Cada hora que pasa, el Kremlin tensa un poco más la cuerda sin importarle si ello puede suponer un agravamiento de la crisis hasta rozar una confrontación directa con Occidente. La vieja técnica soviética de escalar el conflicto al máximo para después “desescalar”. Es evidente que Putin ve el “ataque nuclear como una estrategia viable”, según su nueva doctrina militar, como demuestra el hecho de que no le tiemble el pulso a la hora de llevar la guerra hasta la mismísima frontera polaca, a escasa distancia del territorio de la Unión Europea. Rusia ha lanzado varios misiles contra distintas localidades situadas al oeste de Ucrania. Uno de los artefactos llegó a explotar en las proximidades de Polonia. Apenas veinticinco kilómetros separaron al mundo de la Tercera Guerra Mundial. Cualquier error, escaramuza o accidente puede terminar detonando el apocalipsis. La escalofriante ofensiva del ejército invasor sobre las centrales nucleares de Chernóbil o Zaporiyia puede provocar un escape radiactivo en cualquier momento, lo que obligaría a intervenir a la comunidad internacional.
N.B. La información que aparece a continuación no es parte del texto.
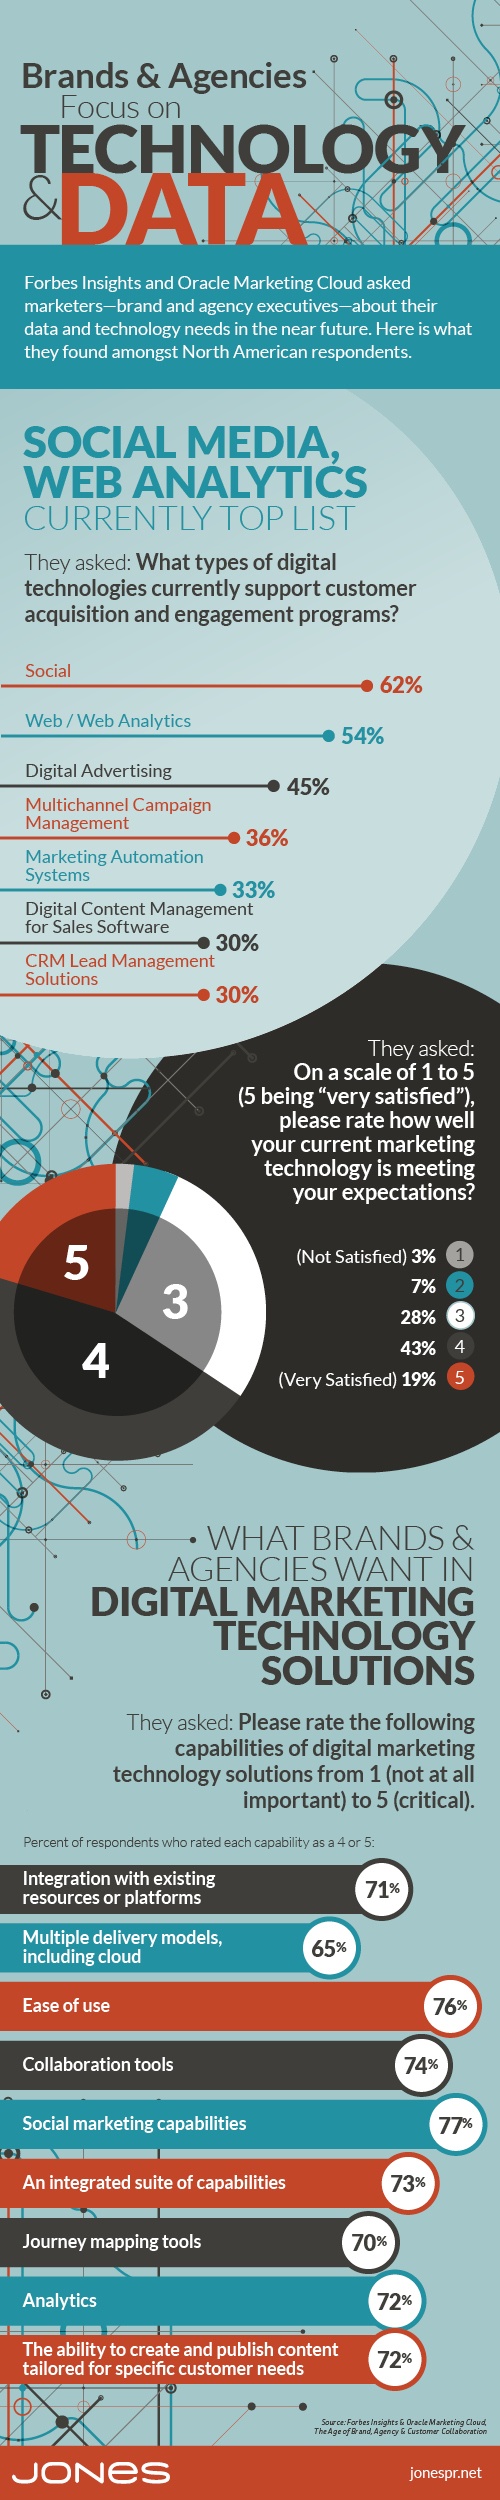 Top Technology Requests From Business Marketers (Infographic)

En concreto, el violento ataque contra la planta de Chernóbil (que ya sufrió el peor accidente de la historia en 1986, causando miles de muertos y enfermos de cáncer) es ilustrativo de la tragedia de proporciones cósmicas que puede llegar a ocurrir. Los soldados de Putin se lanzaron sobre el complejo energético sin reparar en el peligro que corría el sarcófago que recubre el reactor siniestrado hace 36 años y que aísla el material radiactivo altamente contaminante. Durante la operación militar de los comandos de Putin se produjo un apagón y un incendio que pusieron en grave riesgo toda la instalación. Además, unos 200 técnicos de la planta fueron tomados como rehenes y obligados a trabajar sin descanso y en condiciones lamentables para mantener la seguridad en el complejo de Chernóbil. Días después, las tropas rusas estuvieron a punto de ocasionar un nuevo accidente al tomar Zaporiyia, la planta nuclear más grande de Europa. En la actualidad, Ucrania cuenta con cuatro centrales y 15 reactores: dos en Jmelnitski, cuatro en Rivne, tres en Ucrania Sur y seis en Zaporiyia, según los últimos datos del operador ucraniano Energoatom. La batalla por el control de la energía atómica en el país invadido puede terminar con un escape de radiactividad que sería letal para la raza humana.